Given an array of strings words and an integer k, return the k most frequent strings.

The answer should be sorted by frequency from highest to lowest. If two words have the same frequency, then the word with the lower alphabetical order comes first.

Clarifying Questions

1. Input Constraints:
   • What is the range of the length of the words array?
   • How long can each word be?
   • Is it guaranteed that the input list will not be empty?
2. Output Format:
   • Should the output be returned as a list/array of strings?
3. Case Sensitivity:
   • Are words case-sensitive?

Assuming:

• The length of words can be up to (10^4).
• Each word can be up to 10 characters long.

Strategy

1. Count Frequencies: Use a hash map (unordered_map) to count the frequency of each word.
2. Use a Priority Queue:
   • Use a min-heap (priority queue) to keep track of the top k elements.
   • The priority queue will store pairs where the first element is the frequency and the second element is the word.
   • If two words have the same frequency, the word with the lower alphabetical order should come first.
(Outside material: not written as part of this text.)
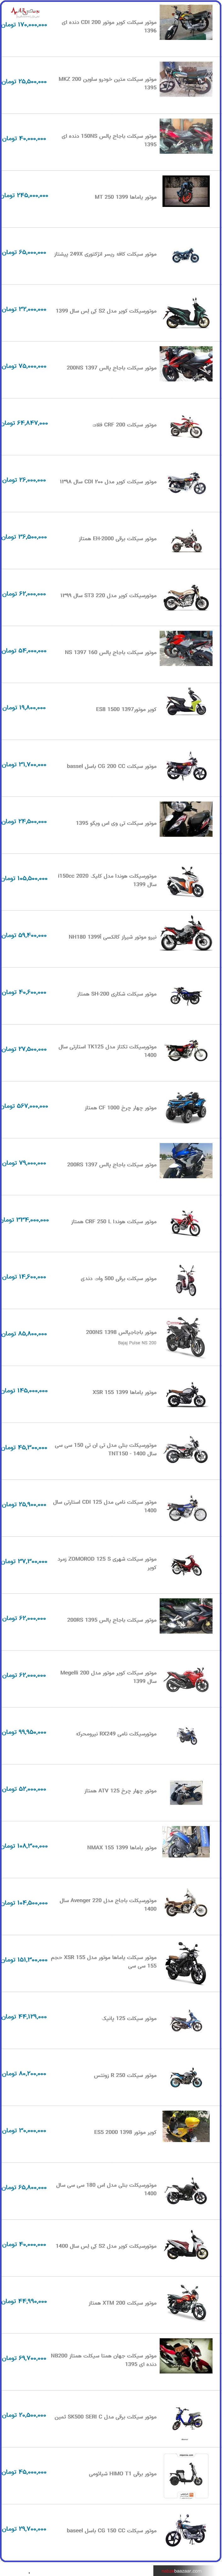 قیمت به روز موتورسیکلت در نبض بازار ایران ۲۲ دی ۱۴۰۰

This will be maintained by the comparison logic in the priority queue.
3. Maintain Top K Elements: Push pairs into the min-heap such that if the heap size exceeds k, the smallest element (i.e., least frequent or lexicographically larger in case of tie) is popped out.
4. Extract Results: Extract elements from the heap and sort them based on frequency and lexicographical order.

Code

Here’s how you can implement this in C++:

#include <vector>
#include <string>
#include <unordered_map>
#include <queue>
#include <algorithm>

using namespace std;

class Solution {
public:
    vector<string> topKFrequent(vector<string>& words, int k) {
        unordered_map<string, int> count;
        for (const string& word : words) {
            count[word]++;
        }

        auto comp = [](pair<int, string>& a, pair<int, string>& b) {
            if (a.first == b.first)
                return a.second > b.second;
            return a.first < b.first;
        };

        priority_queue<pair<int, string>, vector<pair<int, string>>, decltype(comp)> pq(comp);

        for (const auto& entry : count) {
            pq.push({entry.second, entry.first});
            if (pq.size() > k) {
                pq.pop();
            }
        }

        vector<string> result;
        while (!pq.empty()) {
            result.push_back(pq.top().second);
            pq.pop();
        }

        reverse(result.begin(), result.end());
        return result;
    }
};

Time Complexity

1. Frequency Count: The frequency count will take (O(N)), where (N) is the number of words.
2. Priority Queue Operations:
   • Pushing into the priority queue takes (O(\log k)).
   • This operation is repeated for every unique word. In the worst case, if all words are unique, this is done (N) times.
   • Thus, the cost of inserting all elements into the priority queue is (O(N \log k)).
3. Overall Complexity: The total time complexity is (O(N \log k)). The space complexity is (O(N)) to store the word frequencies and the priority queue.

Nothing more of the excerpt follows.